使用 R 在数据框中的人名后添加逗号答案

【问题标题】：add comma after person's name in dataframe using R使用 R 在数据框中的人名后添加逗号
【发布时间】：2019-08-19 04:59:30
【问题描述】：

如何在我的字符串中的用户名之后添加逗号，以便我可以消除逗号之前的单词以获得可以用于精确匹配的统一字符串。

 a=dataframe(text=c("hi john what are you doing",
                "hi sunil what are you doing",
                "hello sanjay what are you doing"),stringsAsFactors =FALSE)

【问题讨论】：

你有名字列表还是名字向量
问题是，输入文件是小写的……所以很难区分名字。另外，建议是否有办法将用户名转换为大写字母，以便我们以后删除它们。
U 需要一个特定的模式，名称必须属于该模式。否则这将是不可能的 // 编辑：如果所有条目的结构都是这样的，你可以只使用第二个单词作为用户名的参考。
嗨，akrun，我没有名字列表，因为它是一个大文件
如果没有模式，那就很难了

标签： r

【解决方案1】：

如果您知道用户名在句子中的第二个位置，您可以从 DF 中提取句子并使用：

text=c("hi john what are you doing",
                "hi sunil what are you doing",
                "hello sanjay what are you doing")

for (sentence in text) {
  #separate words in sentence
  spl <- strsplit(sentence," ")
  #extract name and converto to uppercase
  name <- toupper(as.character(spl[[1]])[2])
  #put a comma after name
  name2 <- paste(name, ",", sep="")
  #replace original name with new one
  spl[[1]][2] <- name2
  #loop over the sentence words to recretae the sentence
  for ( i in 1:length(spl[[1]])-1 ) {
    if (i == 1) sentence2 <- paste(spl[[1]][i], spl[[1]][i+1])
    else sentence2 <- paste(sentence2, spl[[1]][i+1])
    }
    #put in new list (text2)
    if (sentence == text[1]) text2 <- c(sentence2)
    else text2 <- append( text2, sentence2 )
  }

结果：

#text2
#[1] "hi JOHN, what are you doing"      "hi SUNIL, what are you doing"    
#[3] "hello SANJAY, what are you doing"

然后重新创建数据框。

否则，如果您的用户名在句子中的位置可能不同，但您有一个需要查找的用户名列表，您还可以检查是否至少找到一个，取用户名在句子中的位置，替换，放入逗号，然后重新创建，如果找不到则打印错误。

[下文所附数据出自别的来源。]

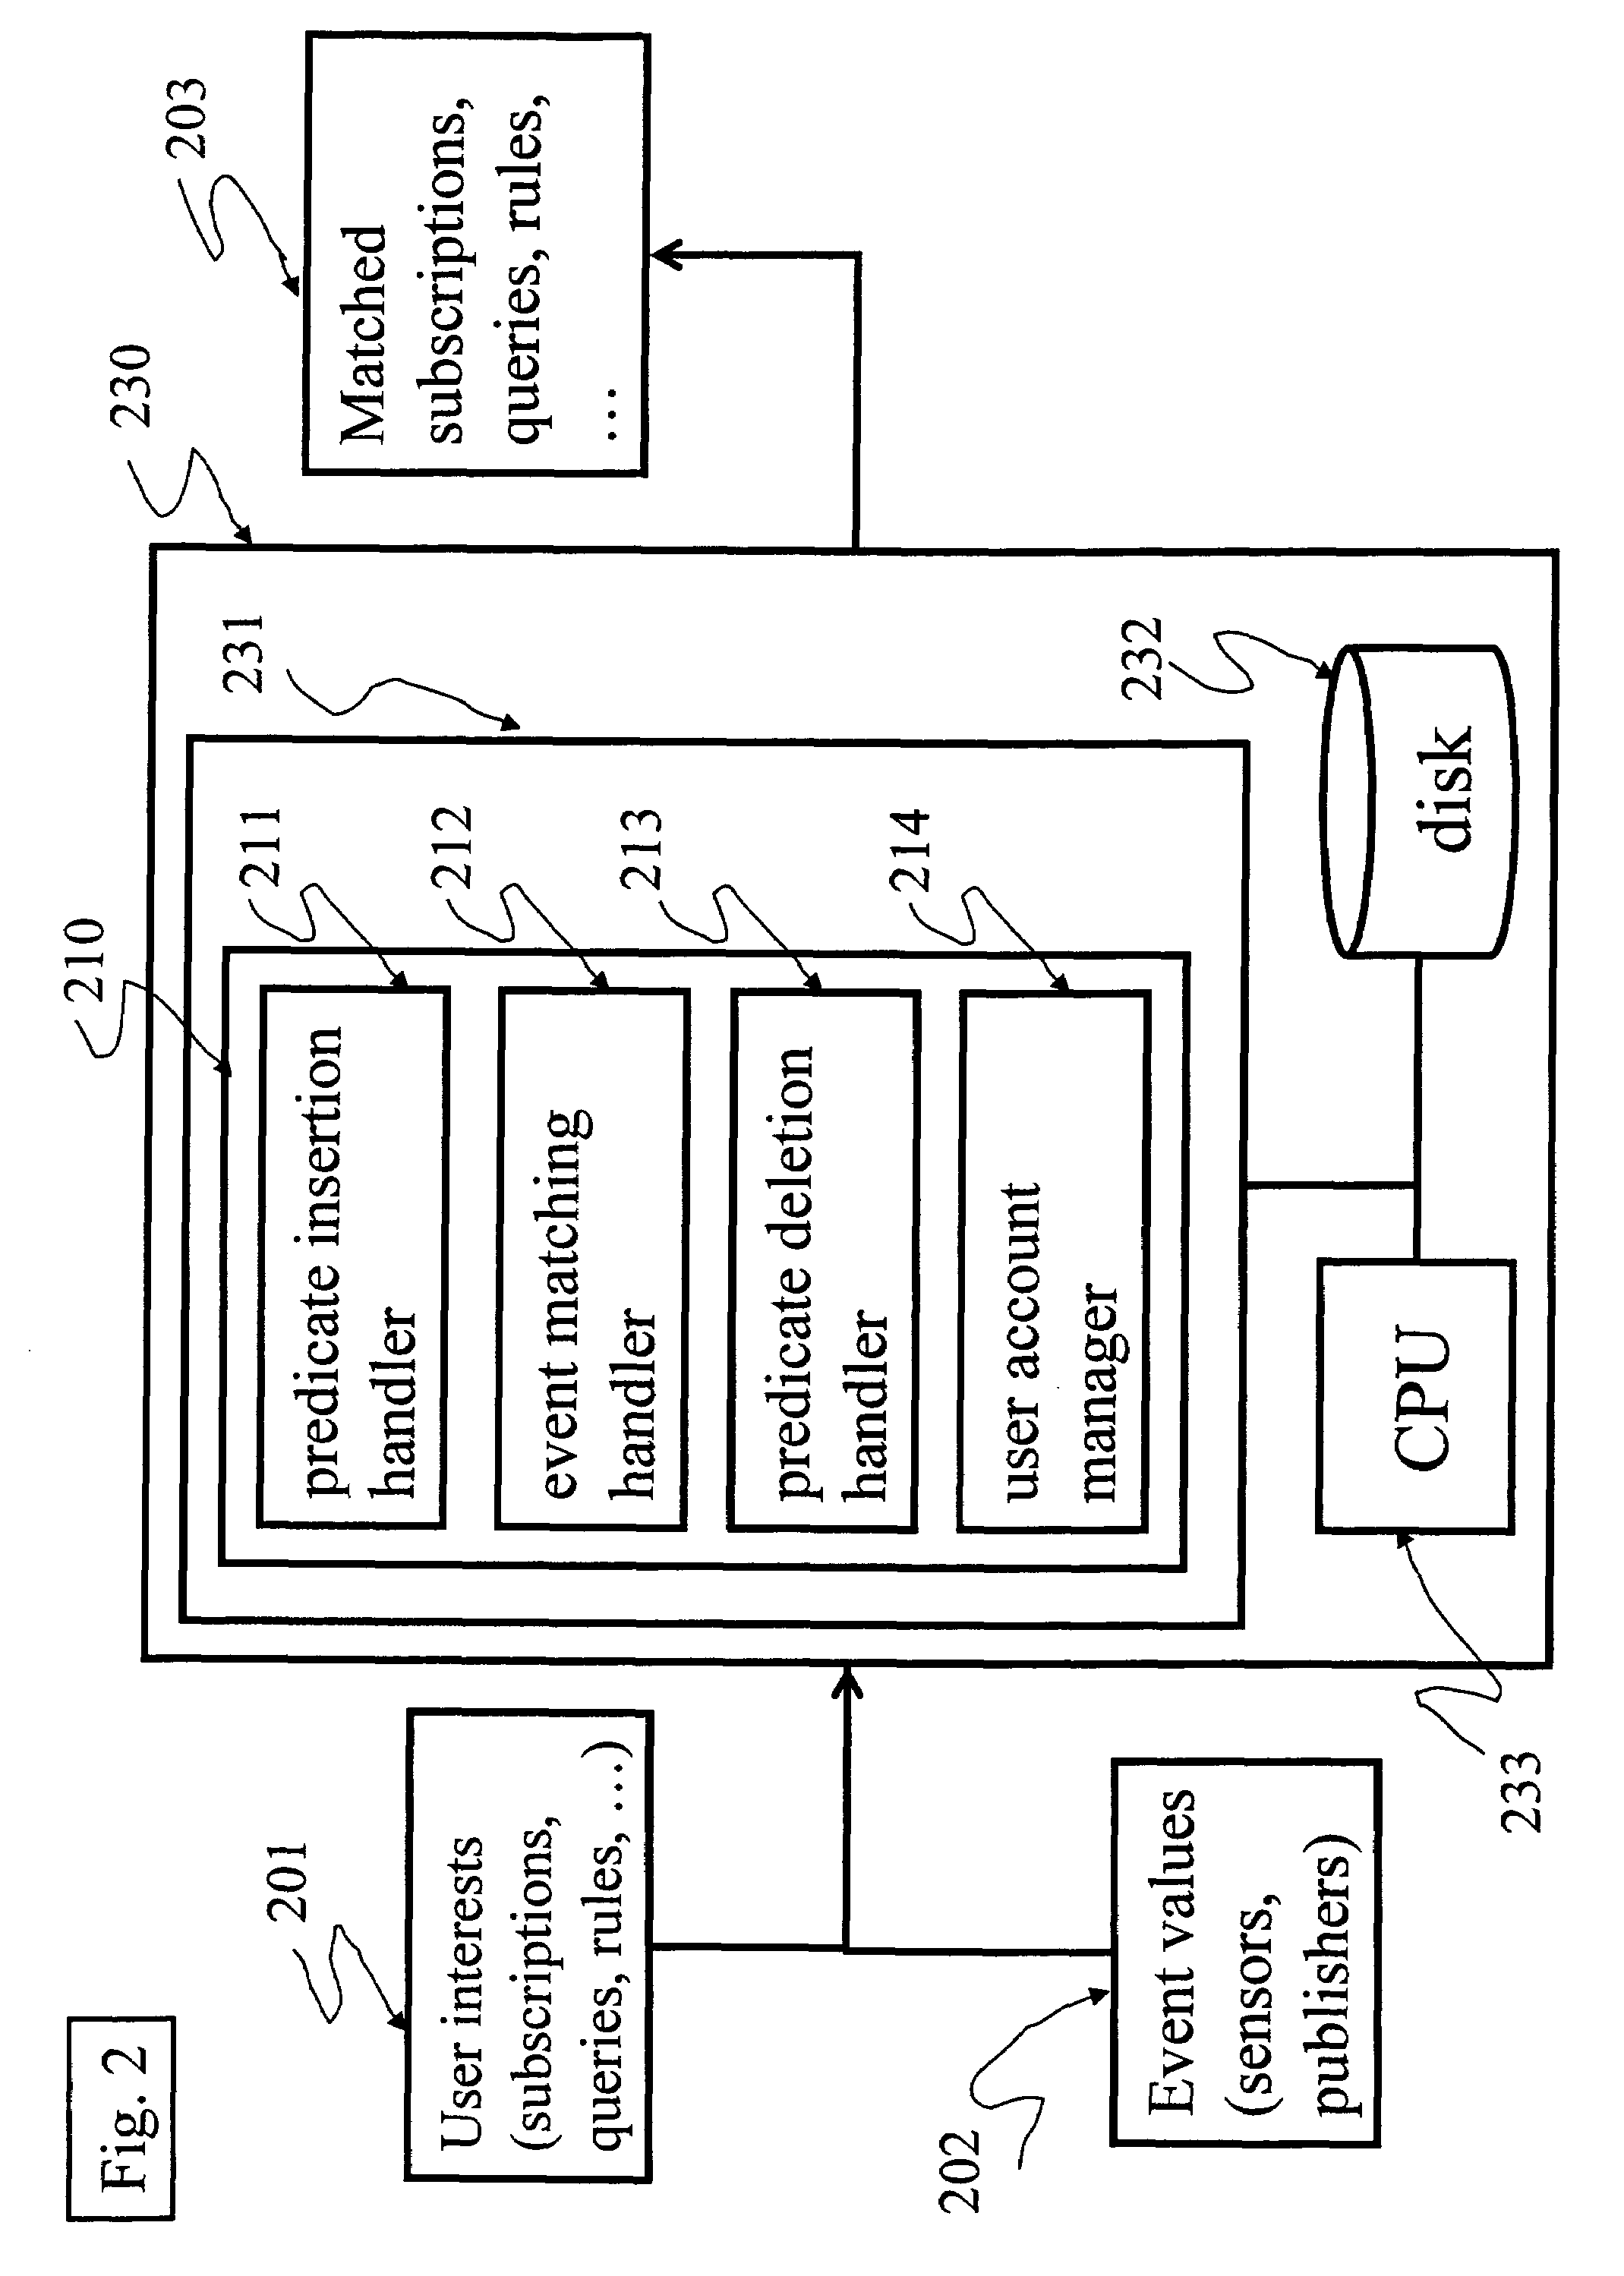 System and method for indexing queries, rules and subscriptions

usernames <- c("john", "sunil", "sanjay")

text=c("hi john what are you doing",
                "hi sunil what are you doing",
                "hello sanjay what are you doing",
                "hello ciao how are you"
              )


for (sentence in text) {

  user_present <- NA

  #separate words in sentence
  spl <- strsplit(sentence," ")

  #check if a user is present in the sentence
  for (user in usernames) {
    if ( user %in% spl[[1]]) {
      user_present <- user
      break
    }}

  #if at least one user is found
  if ( !is.na(user_present) ) {
    pos <-   which( spl[[1]] == user_present )
    #extract name and converto to uppercase
    name <- toupper(as.character(spl[[1]])[pos])
    #put a comma after name
    name2 <- paste(name, ",", sep="")
    #replace original name with new one
    spl[[1]][2] <- name2
    #loop over the sentence words to recretae the sentence
    for ( i in 1:length(spl[[1]])-1 ) {
      if (i == 0) sentence2 <- paste(spl[[1]][i], spl[[1]][i+1])
      else sentence2 <- paste(sentence2, spl[[1]][i+1])
      }
      #put in new list (text2)
      if (sentence == text[1]) text2 <- c(sentence2)
      else text2 <- append( text2, sentence2 )
  #if NO username in sentence
  } else {
    #print error message with username and sentence in which not found
    err.msg <- paste("NO username found in sentence: ", sentence)
    print(err.msg)
  }
}

结果：

#[1] "NO username found in sentence:  hello ciao how are you"

text2
#[1] " hi JOHN, what are you doing"      " hi SUNIL, what are you doing"    
#[3] " hello SANJAY, what are you doing"

希望对你有帮助！

###END

【讨论】：

粘贴错误(sentence2, spl[[1]][i + 1]) : object 'sentence2' not found for first code (if usename is second)

【解决方案2】：

解决这个问题的两个想法。

首先，如果你能得到一个包含用户名的列表。

usernames <- c("john", "sunil", "sanjay")
diag(sapply(usernames, function(x) gsub(x, paste0(x, ","), a$text)))
# [1] "hi john, what are you doing"      "hi sunil, what are you doing"     "hello sanjay, what are you doing"

或者，如果用户名始终是第二个单词。

gsub("(^\\w*\\s)(\\w*)", "\\1\\2,", a$text)
# [1] "hi john, what are you doing"      "hi sunil, what are you doing"     "hello sanjay, what are you doing"

数据

a <- structure(list(text = c("hi john what are you doing", "hi sunil what are you doing", 
"hello sanjay what are you doing")), class = "data.frame", row.names = c(NA, 
-3L))

【讨论】：